> [Exercise brief]: The expected output is the data itself, duplicated in full.

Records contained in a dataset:
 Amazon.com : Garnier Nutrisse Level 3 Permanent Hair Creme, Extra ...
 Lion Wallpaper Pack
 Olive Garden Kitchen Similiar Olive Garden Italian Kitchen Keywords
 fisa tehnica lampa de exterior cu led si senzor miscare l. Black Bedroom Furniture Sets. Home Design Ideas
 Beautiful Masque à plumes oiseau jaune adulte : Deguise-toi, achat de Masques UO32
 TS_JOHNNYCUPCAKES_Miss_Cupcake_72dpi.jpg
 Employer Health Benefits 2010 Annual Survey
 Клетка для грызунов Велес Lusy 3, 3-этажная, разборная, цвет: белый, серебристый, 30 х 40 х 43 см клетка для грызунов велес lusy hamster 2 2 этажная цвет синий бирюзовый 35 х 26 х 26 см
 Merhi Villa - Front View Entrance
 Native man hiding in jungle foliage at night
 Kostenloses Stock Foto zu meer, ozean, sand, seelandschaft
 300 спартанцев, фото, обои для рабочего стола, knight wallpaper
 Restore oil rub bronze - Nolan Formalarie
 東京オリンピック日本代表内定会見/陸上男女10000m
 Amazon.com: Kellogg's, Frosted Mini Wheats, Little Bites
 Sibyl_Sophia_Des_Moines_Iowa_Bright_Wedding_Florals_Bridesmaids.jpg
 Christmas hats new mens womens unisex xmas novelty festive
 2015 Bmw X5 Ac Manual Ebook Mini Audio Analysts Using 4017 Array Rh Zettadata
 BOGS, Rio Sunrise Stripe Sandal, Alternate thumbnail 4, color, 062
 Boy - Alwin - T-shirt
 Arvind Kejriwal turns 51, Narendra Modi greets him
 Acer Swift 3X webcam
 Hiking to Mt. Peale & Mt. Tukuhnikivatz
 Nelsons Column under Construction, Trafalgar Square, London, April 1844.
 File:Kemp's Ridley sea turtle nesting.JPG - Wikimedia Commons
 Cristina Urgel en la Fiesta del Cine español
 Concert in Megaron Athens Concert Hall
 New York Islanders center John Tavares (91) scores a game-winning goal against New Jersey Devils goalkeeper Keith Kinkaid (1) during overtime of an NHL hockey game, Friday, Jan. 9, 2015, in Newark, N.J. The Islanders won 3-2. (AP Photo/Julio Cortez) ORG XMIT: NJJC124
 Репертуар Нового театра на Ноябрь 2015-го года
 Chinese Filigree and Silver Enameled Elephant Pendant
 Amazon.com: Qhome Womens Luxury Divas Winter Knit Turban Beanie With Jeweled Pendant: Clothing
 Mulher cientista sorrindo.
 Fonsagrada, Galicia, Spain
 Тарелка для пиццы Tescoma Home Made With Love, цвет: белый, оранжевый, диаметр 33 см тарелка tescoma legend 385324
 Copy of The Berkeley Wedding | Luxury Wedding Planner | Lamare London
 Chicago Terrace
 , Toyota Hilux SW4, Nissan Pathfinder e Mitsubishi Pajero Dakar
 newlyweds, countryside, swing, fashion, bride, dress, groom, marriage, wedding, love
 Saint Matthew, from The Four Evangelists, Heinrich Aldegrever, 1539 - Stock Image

> [Final answer]:
 Amazon.com : Garnier Nutrisse Level 3 Permanent Hair Creme, Extra ...
 Lion Wallpaper Pack
 Olive Garden Kitchen Similiar Olive Garden Italian Kitchen Keywords
 fisa tehnica lampa de exterior cu led si senzor miscare l. Black Bedroom Furniture Sets. Home Design Ideas
 Beautiful Masque à plumes oiseau jaune adulte : Deguise-toi, achat de Masques UO32
 TS_JOHNNYCUPCAKES_Miss_Cupcake_72dpi.jpg
 Employer Health Benefits 2010 Annual Survey
 Клетка для грызунов Велес Lusy 3, 3-этажная, разборная, цвет: белый, серебристый, 30 х 40 х 43 см клетка для грызунов велес lusy hamster 2 2 этажная цвет синий бирюзовый 35 х 26 х 26 см
 Merhi Villa - Front View Entrance
 Native man hiding in jungle foliage at night
 Kostenloses Stock Foto zu meer, ozean, sand, seelandschaft
 300 спартанцев, фото, обои для рабочего стола, knight wallpaper
 Restore oil rub bronze - Nolan Formalarie
 東京オリンピック日本代表内定会見/陸上男女10000m
 Amazon.com: Kellogg's, Frosted Mini Wheats, Little Bites
 Sibyl_Sophia_Des_Moines_Iowa_Bright_Wedding_Florals_Bridesmaids.jpg
 Christmas hats new mens womens unisex xmas novelty festive
 2015 Bmw X5 Ac Manual Ebook Mini Audio Analysts Using 4017 Array Rh Zettadata
 BOGS, Rio Sunrise Stripe Sandal, Alternate thumbnail 4, color, 062
 Boy - Alwin - T-shirt
 Arvind Kejriwal turns 51, Narendra Modi greets him
 Acer Swift 3X webcam
 Hiking to Mt. Peale & Mt. Tukuhnikivatz
 Nelsons Column under Construction, Trafalgar Square, London, April 1844.
 File:Kemp's Ridley sea turtle nesting.JPG - Wikimedia Commons
 Cristina Urgel en la Fiesta del Cine español
 Concert in Megaron Athens Concert Hall
 New York Islanders center John Tavares (91) scores a game-winning goal against New Jersey Devils goalkeeper Keith Kinkaid (1) during overtime of an NHL hockey game, Friday, Jan. 9, 2015, in Newark, N.J. The Islanders won 3-2. (AP Photo/Julio Cortez) ORG XMIT: NJJC124
 Репертуар Нового театра на Ноябрь 2015-го года
 Chinese Filigree and Silver Enameled Elephant Pendant
 Amazon.com: Qhome Womens Luxury Divas Winter Knit Turban Beanie With Jeweled Pendant: Clothing
 Mulher cientista sorrindo.
 Fonsagrada, Galicia, Spain
 Тарелка для пиццы Tescoma Home Made With Love, цвет: белый, оранжевый, диаметр 33 см тарелка tescoma legend 385324
 Copy of The Berkeley Wedding | Luxury Wedding Planner | Lamare London
 Chicago Terrace
 , Toyota Hilux SW4, Nissan Pathfinder e Mitsubishi Pajero Dakar
 newlyweds, countryside, swing, fashion, bride, dress, groom, marriage, wedding, love
 Saint Matthew, from The Four Evangelists, Heinrich Aldegrever, 1539 - Stock Image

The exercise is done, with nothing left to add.